M&A, the abbreviated term for Mergers and Acquisitions, is a generalized term describing the coming together of companies or the assets through transactions like mergers, acquisitions, purchase of assets, tender offers, partnerships, and consolidations. The term Merger and Acquisition is often understood as synonymous, whereas they are not.
A merger is the bringing together of two or more separate businesses to form a single new firm. An acquisition is the takeover of a submissive firm by a dominant one, with the dominant firm becoming the owner of the submissive firm. I concluded that before a merger or acquisition, a corporation must study and examine important benefits and drawbacks in order to transform the financial transaction into a lucrative one. And this research must be done meticulously. Here comes the role of ‘Due Diligent Report’.
What is the Due Diligent Report?
The importance of mergers and acquisitions in the development of firms may be demonstrated by using Yahoo as an example. Once a pioneer in the world of the Internet, this company has squandered its value whereas its competitor, Google, has made it to the apex, which is all due to the calculated steps taken during Mergers & Acquisitions.
Prior to paying a large sum of money in a commercial deal, investors conduct extensive research, which is referred to as Due Diligence. It is clear from the term that the act of research is being carried out with the utmost care. This conscious analysis, when presented a summarized in a report, it is known as ‘Due Diligence Report’. A due diligence report includes a statement describing the research, the documents based on which the research is performed, information on assets and liabilities, debts, market analysis, and SWOT Analysis. SWOT stands for Strength, Weakness, Opportunities, and Threats, linked with the company being acquired.

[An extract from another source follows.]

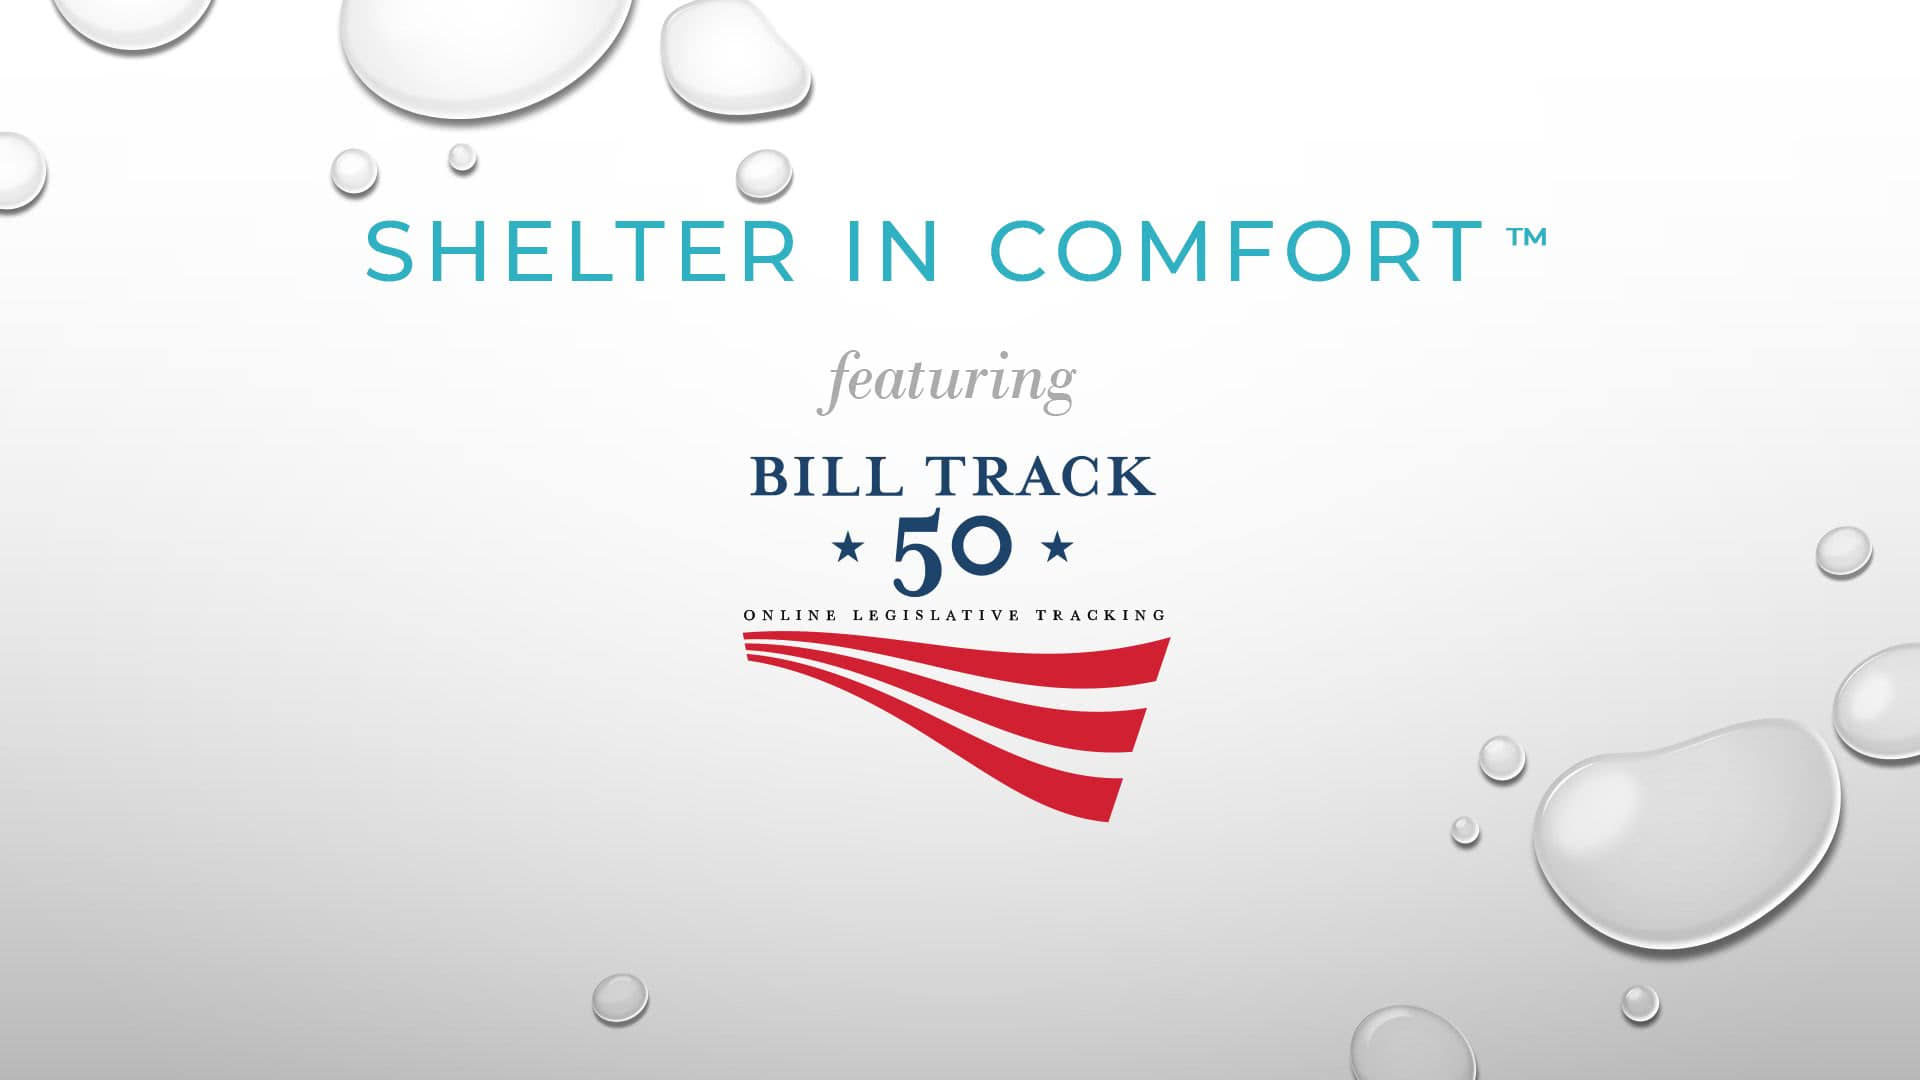 Shelter in Comfort: featuring BillTrack50

What are the types of Due Diligent Report?
The due diligence report forecasting the estimates of commercial potentialities are primarily of 3 (three) types. They are:-
- Financial Due Diligence
- Business Due Diligence
- Legal Due Diligence
The accounting practices, audits, tax-related compliances, and other financial and commercial prospects of the acquired business are highlighted in the financial due diligence report. The business due diligence report demonstrates the parties engaged in the transaction’s business viability. Legal due diligence, also known as Documents Only due diligence, is the estimation of the legal risks that are evaluated before a merger or acquisition.
Importance of Due Diligent Report
The main objective of the Due Diligent Report is to give the company acquiring a complete overview of the possible risks in the future. These risks, when recognized, can be negotiated likewise for the smooth running of the business.
Sections of the Due Diligence Report
The sections of a due diligence report are as follows:-
- Corporate Records like the certificate of incorporations, certificates of shares, articles of
- Association, memorandums, and the existence of any warrants.
- Financial information of the past five years. The statements of audits, taxes filed, the tax returns, internally generated financial models, etc.
- The records of indebtedness of the company to be acquired like the loan agreements, mortgages, etc.
- The list of employers and the code and policies related to employment. Documents if there is any pending litigation related to labor law.
- Documents relating to the real property of the company.
- All the agreements the target company has entered into.
- Copies of legal proceedings, environmental policy compliances, and licenses obtained.
As a result, a Due Diligent Report is an essential component of any financial transaction involving two or more organizations. The importance of the report emphasizes how meticulously it should be created, as the prospects of both the firm acquiring and the firm acquired are dependent on it, despite the fact that such studies have some limitations. The competency of the workforce remains behind the curtain. The report entirely relies on the information available and this may pose a hurdle for a reliable due diligence report.